Кругом невольницы меж тем

Шербет носили ароматный,

И песнью звонкой и приятной

Вдруг огласили весь гарем.

 

В обеих песнях сказывается уже способность Пушкина проникать в душу чужого народа, которая придает его экзотическим поэмам художественную правдивость, отсутствующую в поэмах Байрона:

 

«Дарует небо человеку

Замену слез и частых бед:

Блажен факир, узревший Мекку

На старости печальных лет.

Но тот блаженней, о Зарема,

Кто, мир и негу возлюбя,

Как розу, в тишине гарема

Лелеет, милая, тебя».

 

В эти две южные поэмы Пушкин вложил два несходных момента своей сердечной душевной жизни. Как все художники, он освобождался, преображая свои внутренние переживания в художественные образы. В «Кавказском пленнике» Пушкин хотел и мог изобразить психологию своего поколения: «Отступник света, друг природы… Невольник чести беспощадной… Свобода, он одной тебя еще искал в подлунном мире…»

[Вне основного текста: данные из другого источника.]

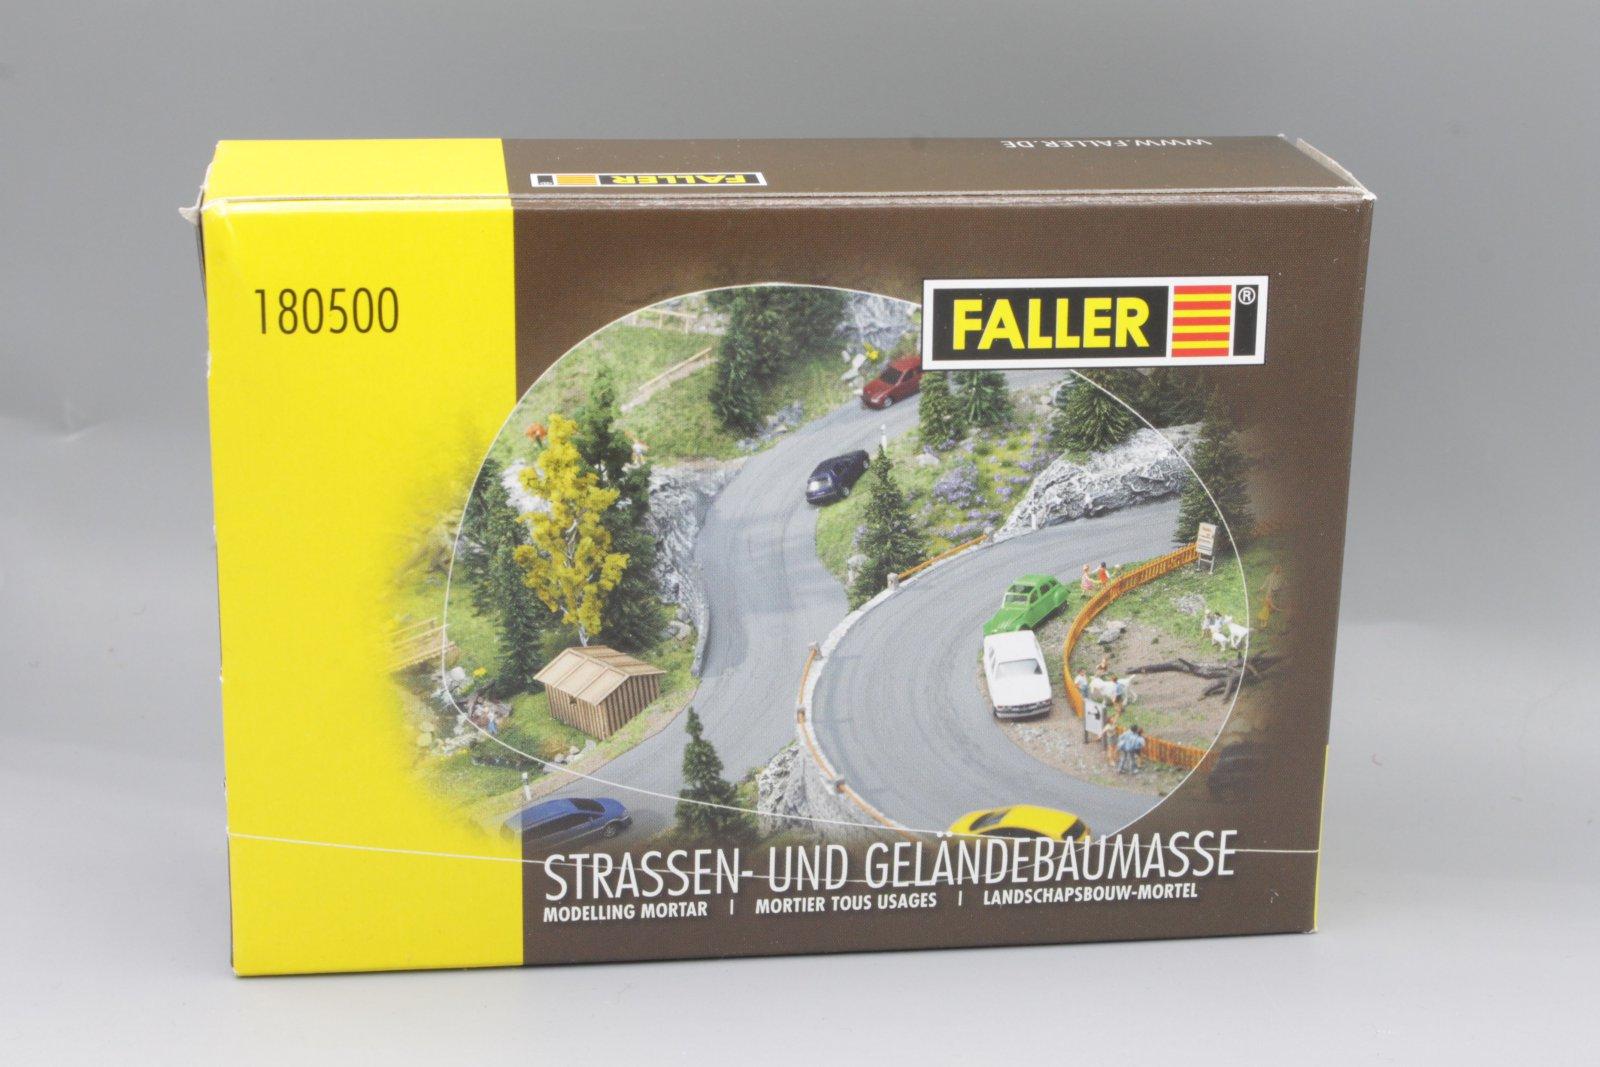 Faller 180500 Straßen und Geländebaumasse Neu & originalverpackt

Непосредственную цельность и силу чувства дикой черкешенки он противопоставил мрачной разочарованности и пресыщенности героя.

В «Бахчисарайском фонтане» действие перенесено в другую эпоху, люди принадлежат к другой культуре. Только чувства, их волнующие, – пугливое целомудрие Марии, страстная ревность Заремы, рыцарская любовь Гирея к своей беззащитной польской красавице, – все это вечные чувства, из века в век владеющие людьми. Тайну очарования «Руслана и Людмилы» составляет сладострастная, отроческая влюбленность в женственное начало. «Бахчисарайский фонтан» начат через два года после окончания первой поэмы. Более мужественная страсть трепещет в каждом стихе. Пушкин предполагал назвать эту поэму любви «Харем». Белинский считал «Бахчисарайский фонтан» «роскошной поэтической мечтой юноши… Музыкальность стихов, сладострастие созвучий нежат и лелеют очарованное ухо читателя… При этой роскоши и невыразимой сладости поэзии, которыми так полон «Бахчисарайский фонтан», в нем пленяет эта легкая светлая грусть, эта поэтическая задумчивость…».

Тщательно скрывал поэт даже от близких свою любовь к Марии Раевской. Зашифровав свою любовь в непроницаемую оболочку экзотической восточной поэмы, боялся ее показать, два года не печатал. Даже стихи «Фонтан любви, фонтан живой!..» напечатал только шесть лет спустя. От нескромных догадок, от навязчивых наблюдений Пушкин, несмотря на всю молодую страстную бурность своего характера, сумел скрыть свою любовь. Но когда он оставался один на один со своей Музой, любовь владела рифмами. Стихи предательски раскрывают перед нами его тайну.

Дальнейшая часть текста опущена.